Data Acquisition Method

(39) In rule-based modeling, a set of rules is used to indirectly specify a mathematical model. The rule-set can either be translated into a model such as Markov chains or differential equations, or be treated using tools that directly work on the rule-set in place of a translated model, as the latter is typically much bigger. Rule-based modeling is especially effective in cases where the rule-set is significantly simpler than the model it implies, meaning that the model is a repeated manifestation of a limited number of patterns.

(40) The present method establishes an independent bin grid of some geophysically selected size that is used to determine the needed locations of the source and receivers to properly populate the area to obtain an accurate image of the data. Once the locations are determined, specific project rules for the seismic acquisitions can be developed and applied in the field to determine if additional data needs to be acquired. Thus, only the needed data is acquired, and expense is saved in avoiding over-acquiring excess data.

(41) The first step to implementing the method is to select a trial bin grid of a geophysically determined size. Bin grids are created during seismic trace processing by calculating the theoretical common mid point (usually called CMP) locations for each shot—receiver pair and then summing the traces together based on a mathematical gridding algorithm. Thus, the size of the bin grid is based upon the spacing of the sensors in the cables and the spacing of the streamers in the water. When the bin grid size matches the area of interest, then an appropriate amount of sampling is obtained. However, for larger or smaller areas, oversamples occurs resulting in the accumulation of unnecessary data points the slow down processing and analysis of the seismic data.

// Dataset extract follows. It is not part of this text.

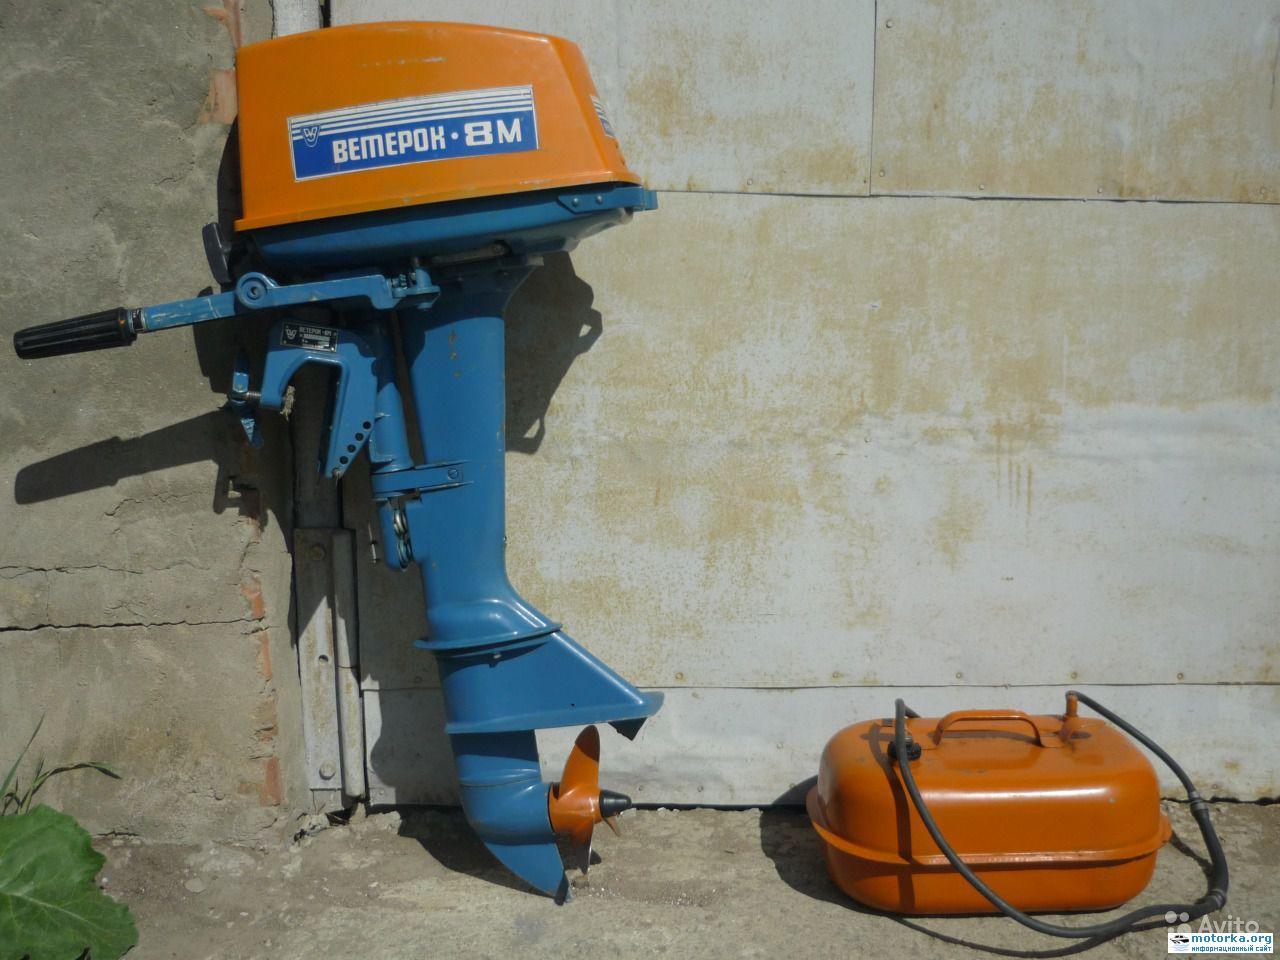 Ветерок-8М

(42) The geologic model for the selected trial bin grid is used to estimate the stability of a Compressed Seismic Imaging (CSI) design. Using prior knowledge of the likely geology in the targeted region an overall geologic model is constructed. Using the sampling spacings or station layouts is then tested against the proposed CSI design to test the stability of the solution. This process is effectively repeated for all possible CSI approaches for the particular design and then the best sampling is selected that results in the maximum mutual incoherence.

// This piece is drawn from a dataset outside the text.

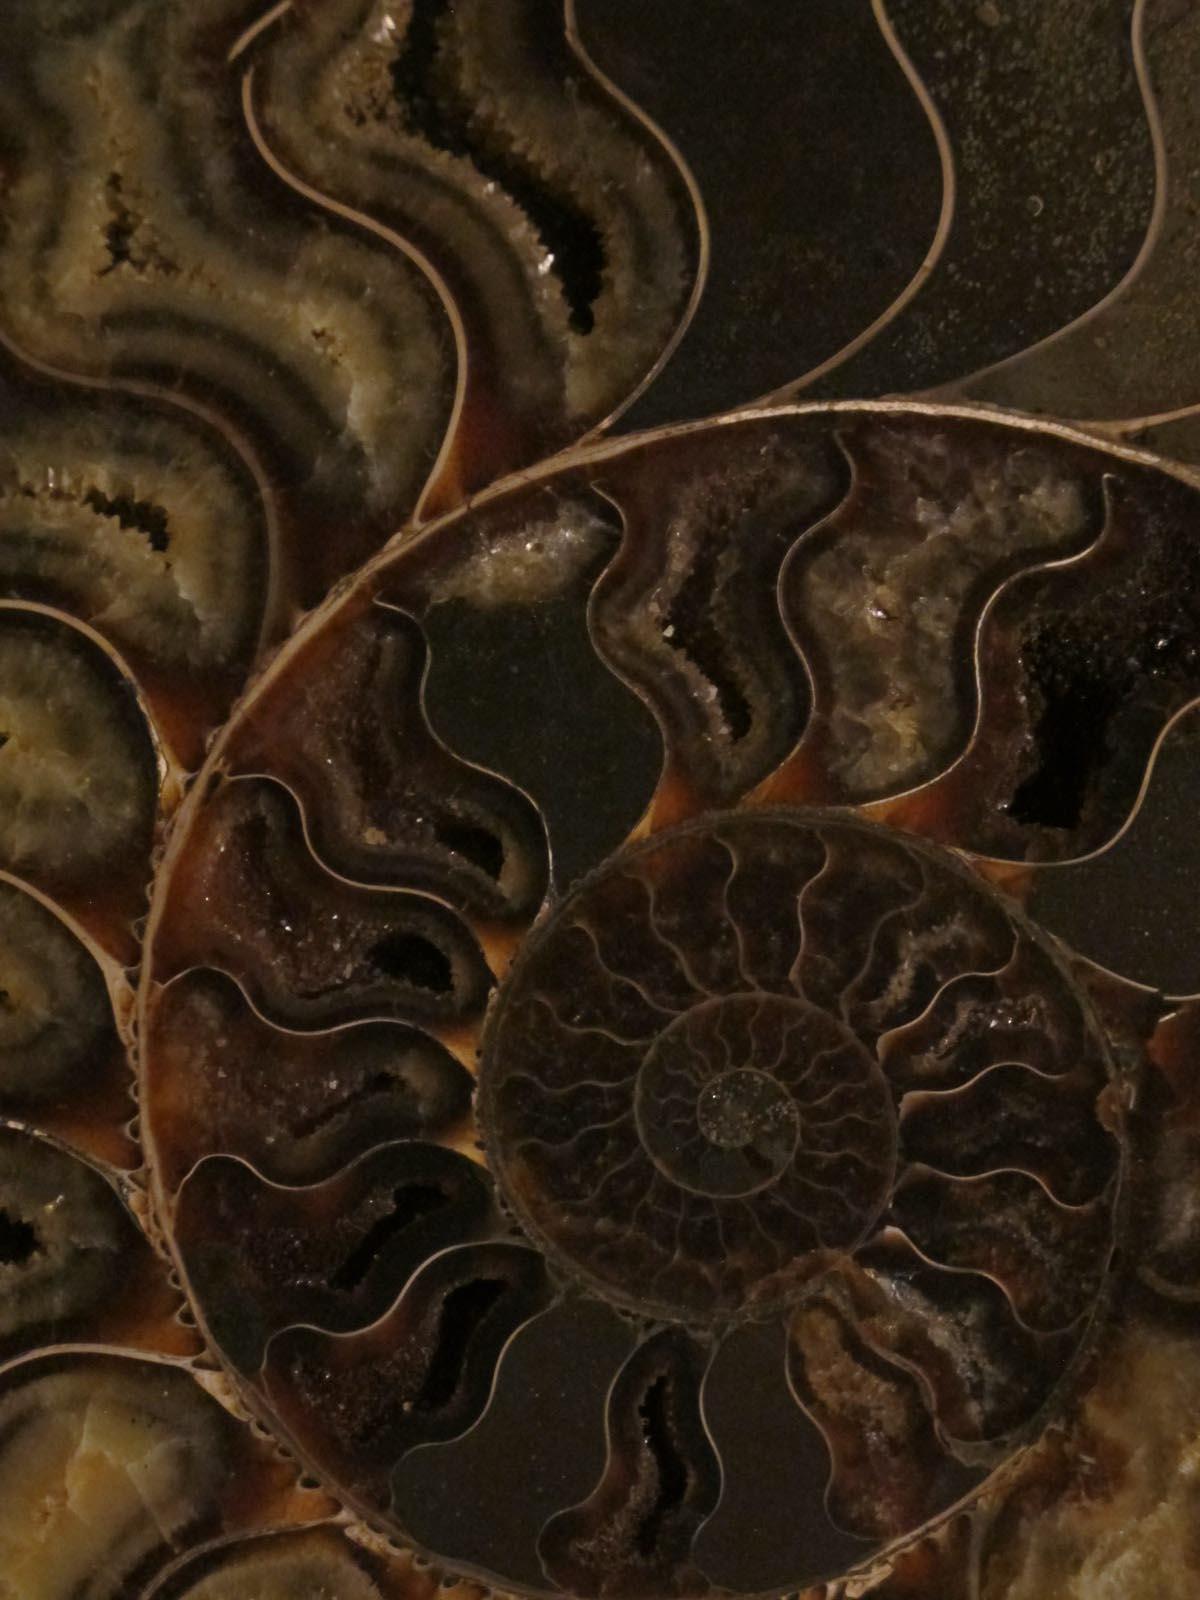 Fossils: Cleoniceras Ammonite, Madagascar

(43) Once the proper design and their offsets are determined, rules can be developed. The set of rules will be unique to the chosen region and to the CSI algorithm that is applied, but in effect are a measure of how badly can the data be sampled and still properly reconstruct the correct wavefield and image. These rules mainly cover the rules for acquisition of data, such as no region greater than 3 bins can be missing two unique offset planes in a row. Other rules relating to gaps in coverage or orientation of the shot/receivers and/or distribution of the trace data can also be developed. These rules are necessary to make sure that the minimum required data to properly reconstruct the wavefield using CSI techniques are collected in the field. The normal approach for creation of the rules is to take the perfectly acquired CSI design and then start decimating various attributes like sampling until the final image degrades. In the chosen example of 3 bins in a row missing 2 unique offset planes, depending on the CSI design, if 3 unique offset planes in a row are missing data then the solution is degraded and an artifact in the final process image is created. This creates a rule that when acquiring the data must be met or acquisitions continue until it is met and the survey is completed.

(44) Unlike a conventional marine survey, the rules-based method does not require a uniform grid of offsets and azimuths. Thus, the survey can be collected using whichever pattern is quickest, cheapest, and most reliable. Series or cross-cutting passes of the vessel at different orientations due to winds and tides are expected to be the best pattern for collecting data.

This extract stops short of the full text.